In a concurring opinion written in August, 2016, Judge Gorsuch wrote a thorough repudiation of perhaps the most important doctrine in the legal architecture supporting the administrative state, called the Chevron doctrine. Chevron requires courts to submit to a federal agency’s interpretation of an ambiguous statute as long as that interpretation is reasonable. Gorsuch’s opinion became something of a cause celebre among critics of Chevron, and among court-watchers for its easy but elegant prose style.

“Rarely will you run across such an elegant legal essay, closely argued and packed with citations yet as accessible as good journalism,” Alison Frankel of Reuters wrote at the time.

“There’s an elephant in the room with us today,” Gorsuch writes. “We have studiously attempted to work our way around it and even left it unremarked. But the fact is Chevron … permit[s] executive bureaucracies to swallow huge amounts of core judicial and legislative power and concentrate federal power in a way that seems more than a little difficult to square with the Constitution of the framers’ design. Maybe the time has come to face the behemoth.”

Elsewhere in the concurrence, Gorsuch calls Chevron, “no less than a judge-made doctrine for the abdication of the judicial duty,” which “certainly seems to have added prodigious new powers to an already titanic administrative state.”

Gorsuch is not alone in his skepticism of the Chevron doctrine. The House of Representatives is currently considering the Separation of Powers Restoration Act, legislation which would repeal the Chevron doctrine.

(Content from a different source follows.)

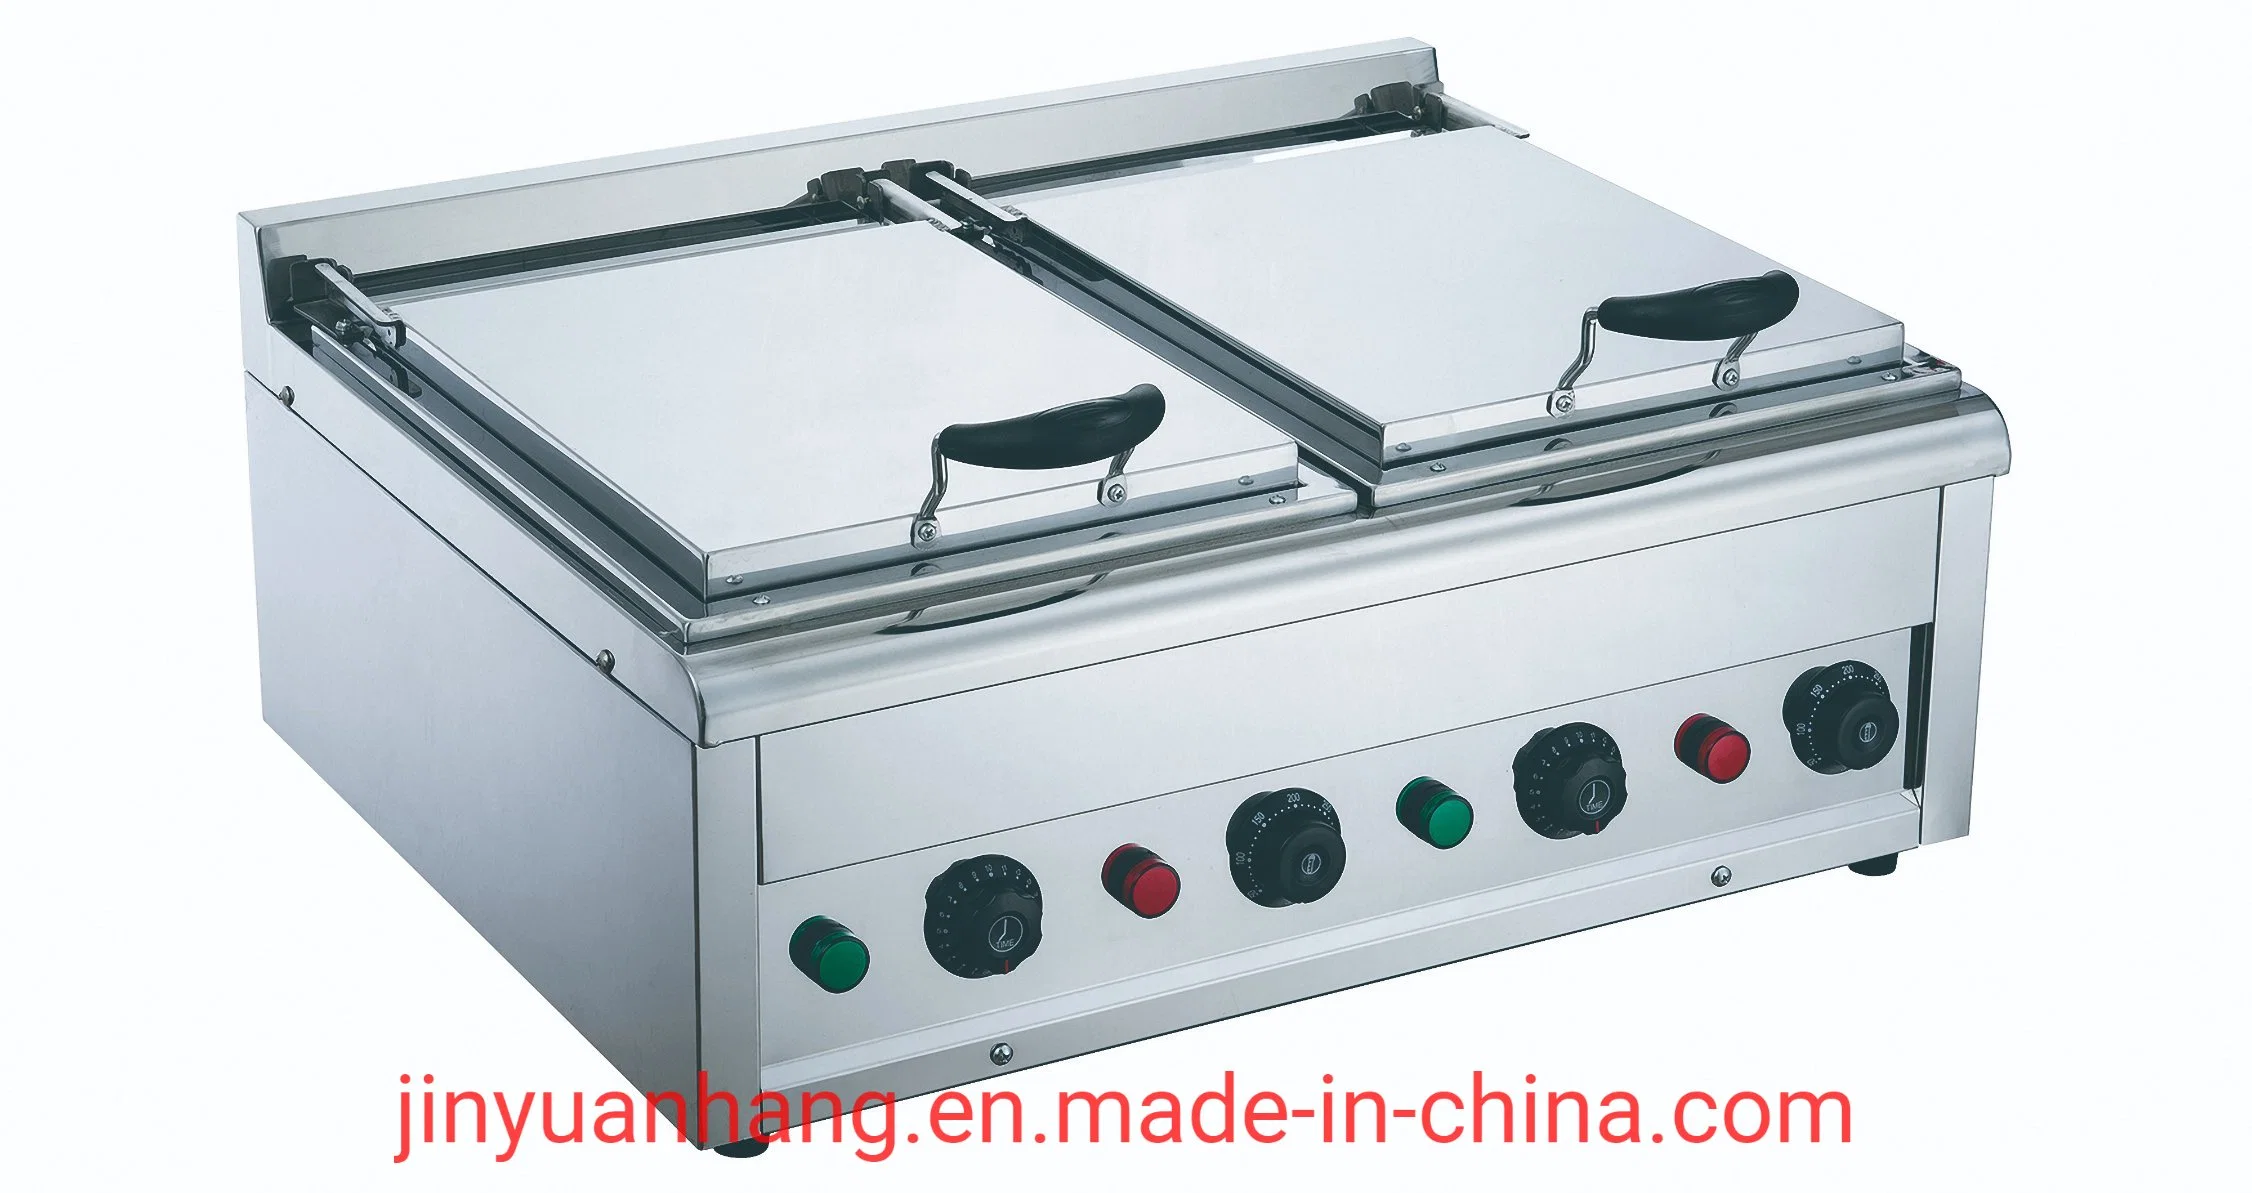 Pan-Fried Pan-Fried пельмени, булочки, Pan-Fried блины - кухонное оборудование для коммерческого использования (дважды pot) для настольных ПК электрической сковороде Bdh-2pne.

“This bill modifies the scope of judicial review of agency actions to authorize courts reviewing agency actions to decide de novo (without giving deference to the agency’s interpretation) all relevant questions of law, including the interpretation of: (1) constitutional and statutory provisions, and (2) rules made by agencies,” its summary says.

It’s unclear how many of the high court’s justices share his sympathies. Though the Chief Justice and Justice Samuel Alito have expressed misgivings about the doctrine, the Court has avoided revisiting Chevron and its progeny in recent years.